Titanium dioxide nanoparticles (TiO₂ NPs) are being studied extensively for their drug delivery applications. Their properties can be modified by carefully controlling the synthesis parameters. They can be effectively functionalized using different coatings and surfactants. TiO₂ NPs can be tweaked to respond to different stimuli such as light, sound, pH, and temperature and initiate the drug release as has been seen in different studies.^9,10 The extensive study of TiO₂ nanoparticles is not solely due to their ease of functionalization, flexibility and usability they offer. Rather, it is the highly encouraging results obtained from their application in drug delivery that have led to such extensive research. Recently, Uribe-Robles et al.¹¹ functionalized TiO₂ nanospheres with folic acid for the targeted delivery of temozolomide for the treatment of glioblastoma. The nanocarriers exhibited high loading capacity and retained the drug for 48 h, which was successfully internalized into the cancer cells resulting in high cytotoxicity. Abdel-Megeed et al.¹² found that TiO₂ nanostructures loaded with adriamycin showed a significant upregulation of ATP-binding cassette transporter membrane proteins and downregulation of the C-myc gene, which make them a promising candidate for addressing the drug resistance issue associated with adriamycin and for enhancing its therapeutic efficacy against breast cancer.

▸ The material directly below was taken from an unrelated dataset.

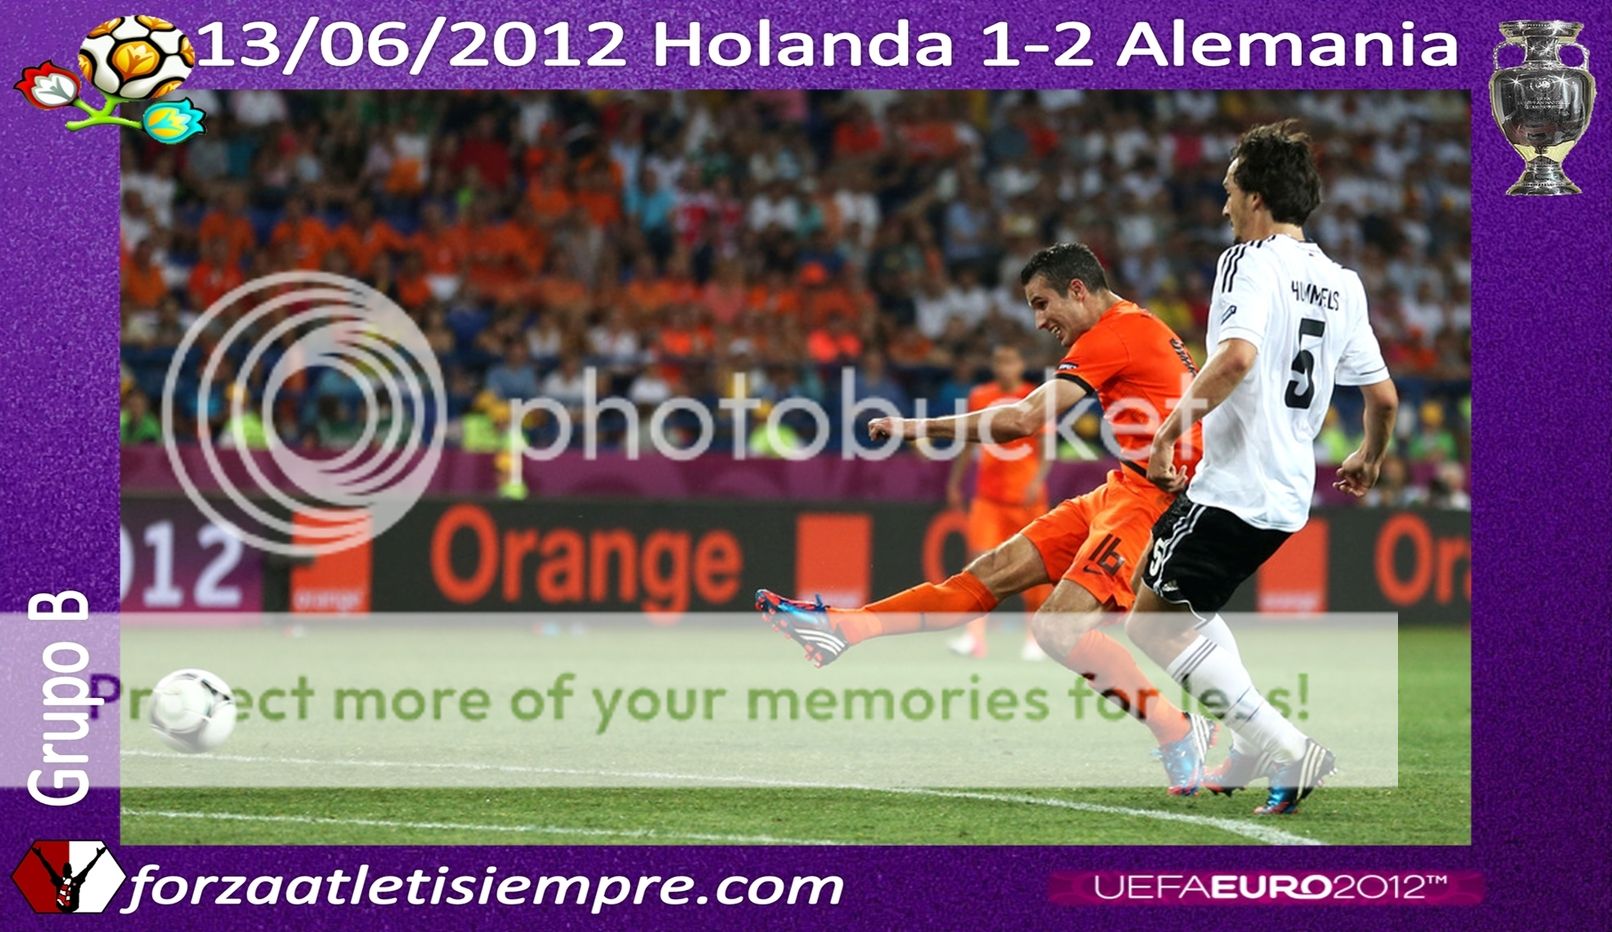 HOLANDA 1- ALEMANIA 2 - Holanda se tambalea 032Copiar-11

In developing a smart drug delivery system for targeted drug delivery, it is essential for the nanocarrier loaded with the drug to effectively navigate to the intended site without premature release. Once at the target site, the drug should be released. While recent studies have focused on drug delivery, there is limited exploration into the transportation of drug-carrying nanocarriers to the target location to minimize unwanted side effects caused by the drug circulating throughout the body and being released at undesired sites. In this study, we investigated the pH-responsive release profile of the chemotherapeutic drug imatinib from PEGylated iron supplement-coated rutile TiO₂ NPs. The coating with iron supplement was performed to induce a magnetic response in the NPs so that they respond to the applied magnetic field. The formulation used to synthesize the final version of NPs ensures that the PEG chains will rupture and the NPs will degrade to release the drug only around acidic pH (considering the fact that the pH around the tumors is mostly acidic). The magnetic properties of bare and drug-loaded NPs were studied and in vitro drug release was inspected over acidic, neutral and basic pH levels. Moreover, an attempt to understand the drug release mechanism from different formulations was also made using different mathematical models.

2 Experimental section

2.1 Materials

Materials used were titanium tetraisopropoxide (TTIP), ethanol, nitric acid (HNO₃), PEG 4000 solution, phosphate buffer saline (PBS) solution of pH 7.4, acetate buffer solution of pH 4.4, borate buffer solution of pH 9.0 and deionized (DI) water. These were obtained from Sigma Aldrich Pvt. Ltd, Bangalore, India, and were used without any further purification. Ferrous ascorbate with folic acid tablets under the brand name FericipXT manufactured by Cipla Ltd. were purchased from pharmaceuticals in Chandigarh, India. Dialysis tubing and clips were purchased from Himedia. IKA-RCT basic IKAMAG safety control magnetic stirrer with a hot plate from Merck, India was used. pH testing kit by Insif, India was used to determine the final pH of the solution. For calcination, a muffle furnace supplied by Insif, India was used. Conical high alumina crucibles of volume 30 ml supplied by Thomas Scientific were used for high-temperature calcination.

2.2 Methods

2.2.1 Synthesis of PEGylated iron supplement-coated rutile TiO₂ NPs. Rutile TiO₂ NPs were synthesized following the sol–gel method. The procedure for synthesis was the same as adopted by us in our previous study with the only difference being that the quantity of the nitric acid was chosen to obtain the pH of the final solution 1.0.¹³ Further, TiO₂ NPs were calcined at 800 °C to obtain the desired rutile phase. To enhance the magnetic behaviour of the rutile TiO₂ NPs, they were coated with FericipXT tablets (iron supplement) with a 1 : 1 core : shell ratio. The ratio of 1 : 1 was decided based on our previously obtained results, which served as preliminary data for this study.¹⁴ 1 : 1 core : shell ratio ensured significant coating of the shell material over the host material while also keeping the properties of the host intact. For coating, the procedure mentioned by Mehr et al.¹⁵ was followed. Briefly, an optimal amount of FericipXT tablets was added to 250 ml of DI water. Next, TiO₂ NPs were added followed by dropwise addition of 1 M NaOH solution. Finally, the solution was heated to reflux at 90 °C. The resulting solution was centrifuged, washed with DI water and calcined at 800 °C. The characteristic white color of TiO₂ NPs was changed to brown, indicating the formation of Fe²⁺ coating on them. For PEGylation, the synthesized iron supplement-coated rutile TiO₂ NPs were added to a 1% concentration of PEG 4000 solution and stirred for one day at 750 rpm. A lower PEG concentration was chosen to avoid the growth of a thicker PEG layer on the NPs. For the final step, PEG-coated NPs were centrifuged at 9000 rpm for 30 min at room temperature, washed with distilled water and dried.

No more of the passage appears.